World powers, neighbours must step up to stop Rohingya ‘genocide’, says Sultan Nazrin


Perak Sultan Nazrin Muizzuddin Shah urges leaders not to allow fears of upsetting the neighbours or of affecting regional trade and commerce to prevent them from voicing out their alarm at what is happening in Rakhine state. – The Malaysian Insight file pic, October 3, 2017.

PERAK Sultan Nazrin Muizzuddin Shah today urged world powers and Myanmar’s Southeast Asian neighbours to have “courage” in putting an end to the Rohingya crisis that has displaced half a million refugees.

In his speech at a fundraiser in Kuala Lumpur tonight, Sultan Nazrin said while the world would never learn from past atrocities against humanity, world leaders had a responsibility to stop acts of violence.

“We cannot allow fears of upsetting our neighbours; or fear of being accused of interference; or fears of affecting our regional trade and commerce, to prevent us from voicing out our anxieties and alarm at what is happening in Rakhine state,” he said.

Myanmar is a member of the 10-member Association of Southeast Asian nations, a regional grouping known for its non-interference policy, which has come under criticism lately for its inaction over the crisis.

Last week, Foreign Minister Anifah Aman criticised Asean chairman Alan Peter Cayetano from the Philippines for failing to condemn the Myanmar government over the crisis, and for a “misrepresentation of the reality of the situation”.

Buddhist-majority Myanmar has responded by accusing Malaysia of violating the Asean charter of non-interference and exploiting the crisis “to promote a certain political agenda.” 

The United Nations Secretary-General António Guterres has called for “swift action” to prevent further instability and find a durable solution.

“The situation has spiralled into the world’s fastest developing refugee emergency and a humanitarian and human rights nightmare,” Guterres said last Thursday at a Security Council meeting.

Following the deaths of a dozen Myanmar security personnel in the hands of the militant group Arakan Rohingya Salvation Army on August 25, government military retaliation has led to thousands of civilian deaths and the exodus of about 500,000 Rohingya to neighbouring Bangladesh. 

Sultan Nazrin cited other “crimes against humanity” in the past, such as the killing of millions by the Khmer Rouge regime in Cambodia, as examples of how important it was for the world community to have courage in responding to acts of atrocities.

“Do we not all sometimes wonder whether we could have done anything to prevent that genocide, or whether we did anything to ease the sufferings of the hundreds of thousands of Cambodians or Vietnamese boat people who fled their countries and lived in over-crowded refugee camps in countries across the region, including in Sungai Besi and Pulau Bedong in our own country?

“Today, another humanitarian crisis has flared up, again, barely two hours by flight from where we sit. More than 400,000 Rohingya, or almost a third of their total population of 1.5 million in Rakhine State in Myanmar, have been displaced and live in squalor in makeshift refugee camps.

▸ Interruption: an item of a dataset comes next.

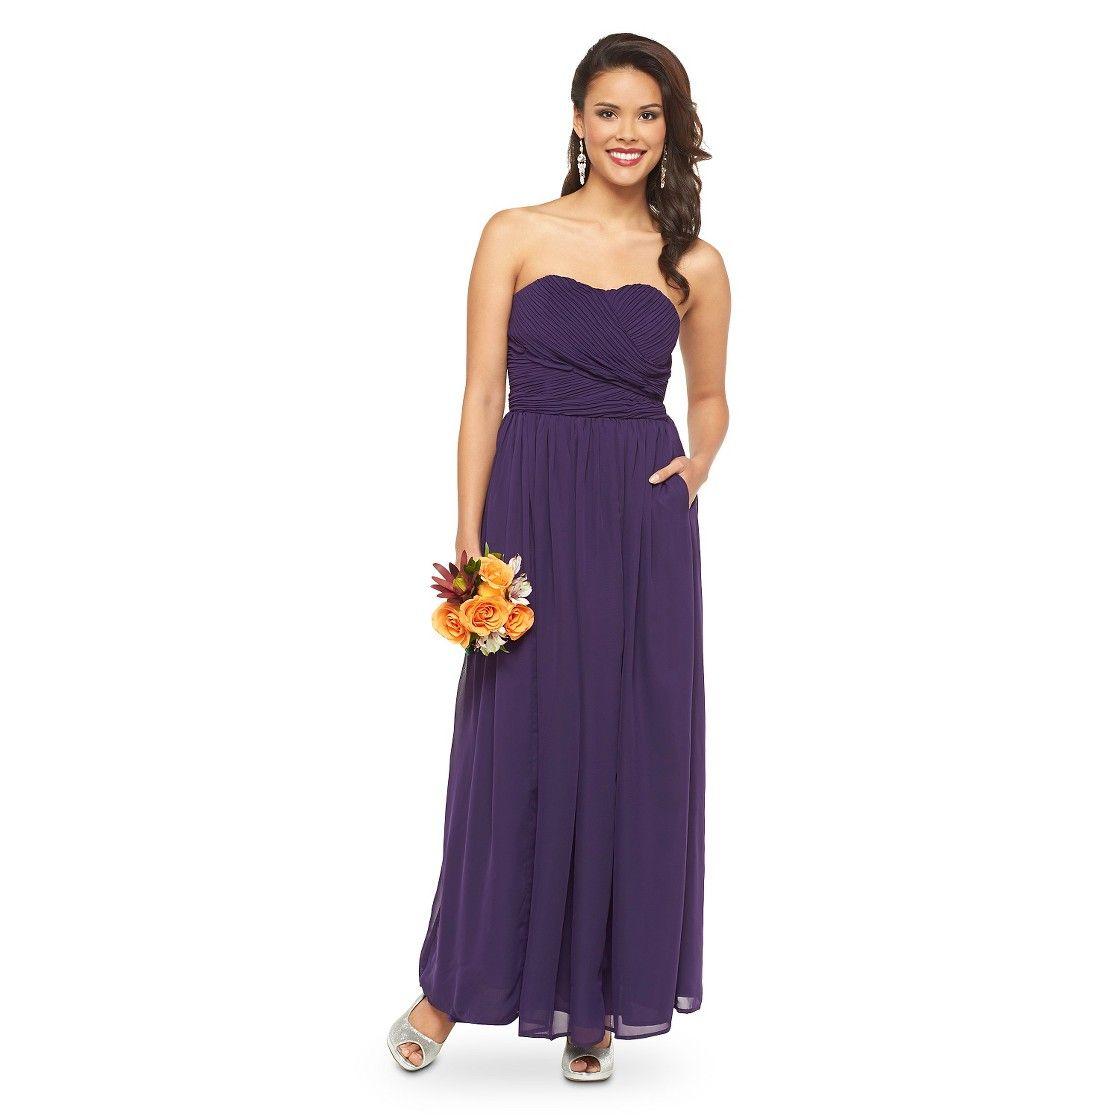 Women\'s Chiffon Strapless Maxi Bridesmaid Dress Fashion Colors ...

“Thousands more have been murdered and dumped in rivers and shallow mass graves. Every day, dozens, if not hundreds of them die due to lack of food and medical supplies or drown when their boats sink.

“Hundreds of thousands more are stateless, living in fear, without much hope for a future, in camps in our own country, in Thailand, in Bangladesh, in Nepal and in India. A large number of them fall prey to evil human traffickers who sell them as slave labour, like commodities in the marketplace.”

Tonight’s fundraiser, held at the St. Regis Hotel was organised by the Edge Media Group,led by its publisher Ho Kay Tat and co-promoted by ECM Libra Financial Group Bhd non-executive chairman Kalimullah Hassan and UPP Holdings Ltd executive chairman and CEO Tong Kooi Ong. 

More than RM1.2 million was raised through the sale of 15 paintings. The largest contributor was Sultan Nazrin who bought Latif Mohideen’s “Exodus”, painted especially for the fundraiser. – October 3, 2017.